For the listing below, return the line containing "Anatomie De L Homme", the line containing "スムースでオシャレなフューチャーハウスの再生済みの波形", and all lines in between, exactly as written and nothing else.

→ Data provided:
_ _ _ _ _

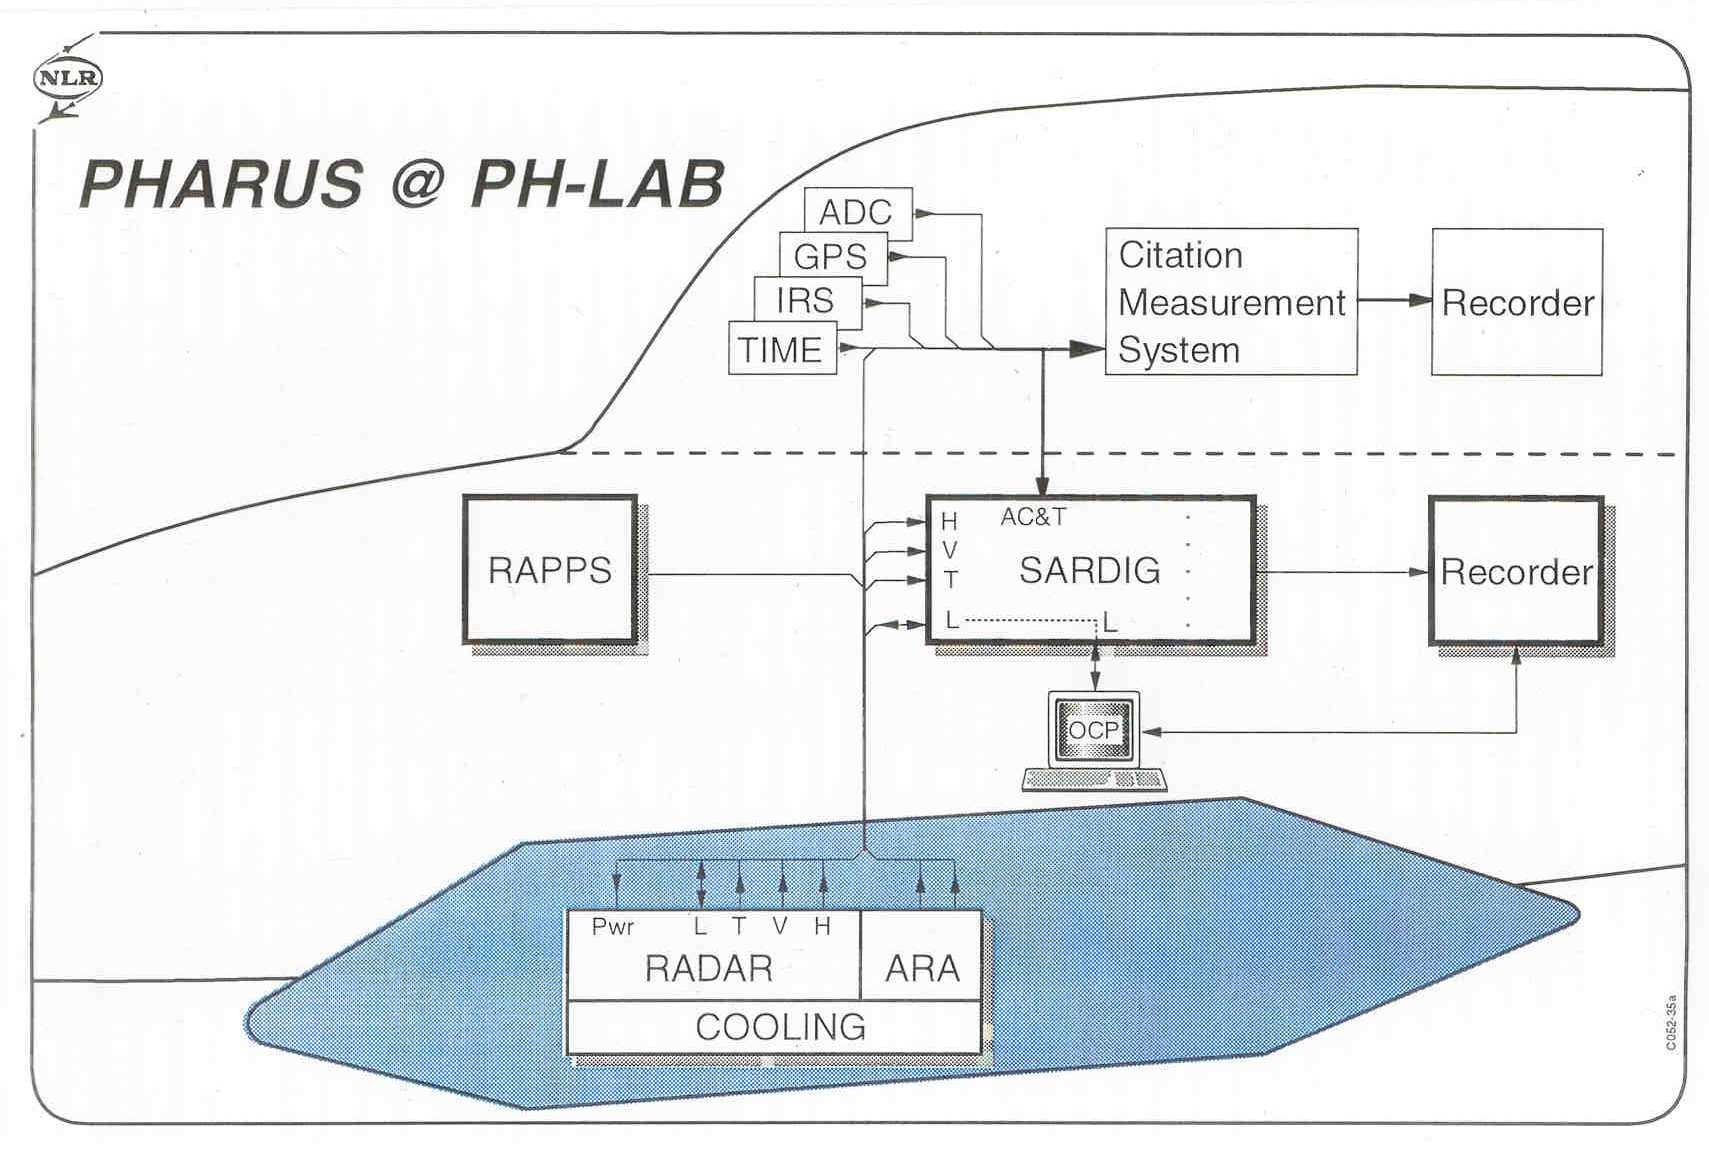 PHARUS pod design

_ _ _ _ _

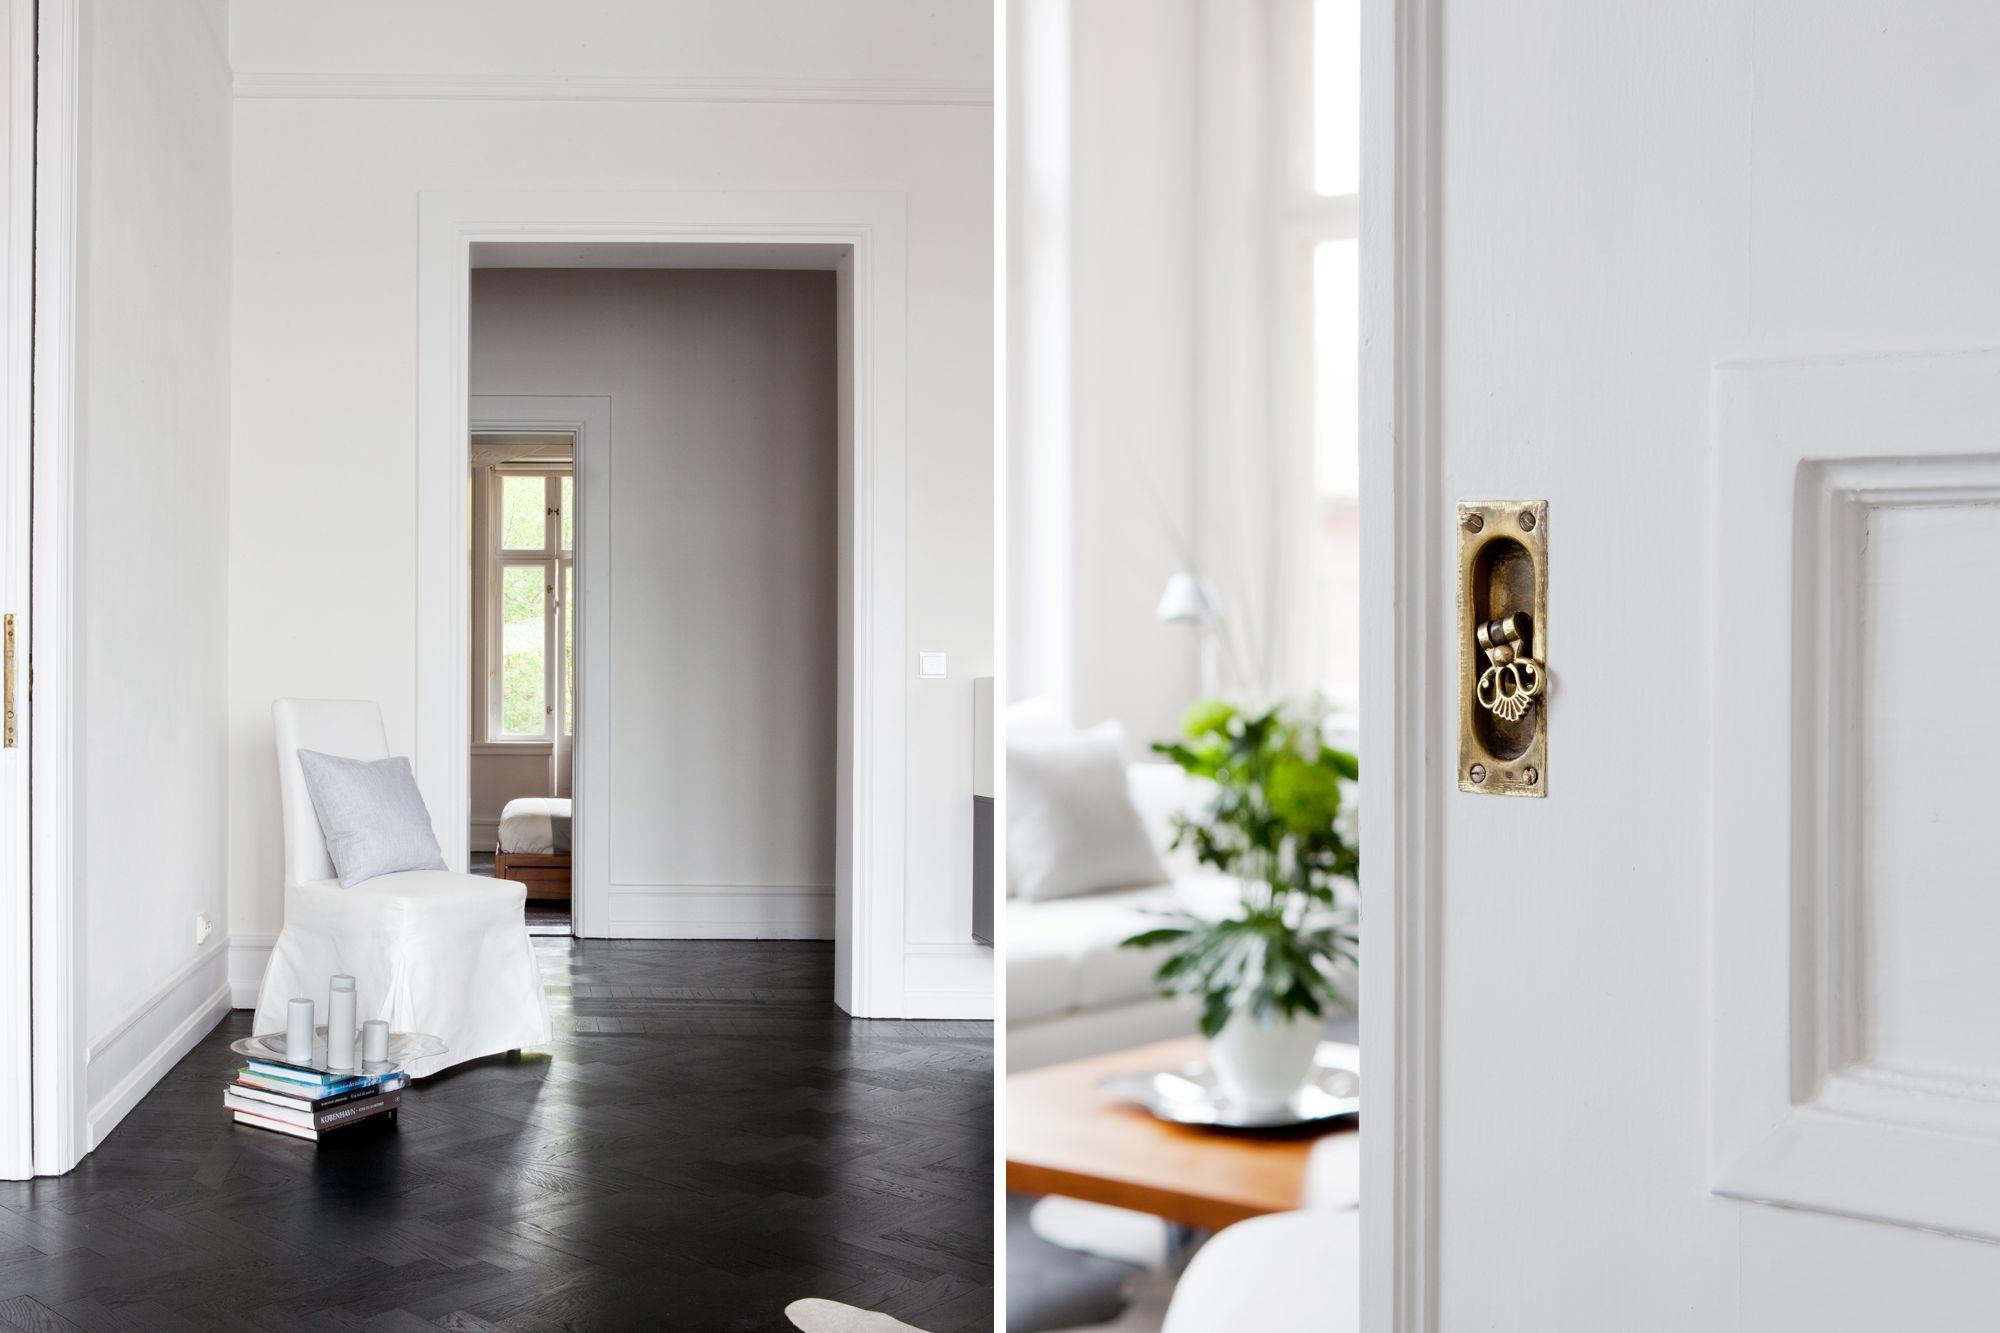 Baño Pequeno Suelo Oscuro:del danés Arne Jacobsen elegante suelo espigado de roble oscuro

_ _ _ _ _

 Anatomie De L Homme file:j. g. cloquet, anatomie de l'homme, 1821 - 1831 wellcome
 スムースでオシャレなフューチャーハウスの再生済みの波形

_ _ _ _ _

→ Result for this exercise:
 Anatomie De L Homme file:j. g. cloquet, anatomie de l'homme, 1821 - 1831 wellcome
 スムースでオシャレなフューチャーハウスの再生済みの波形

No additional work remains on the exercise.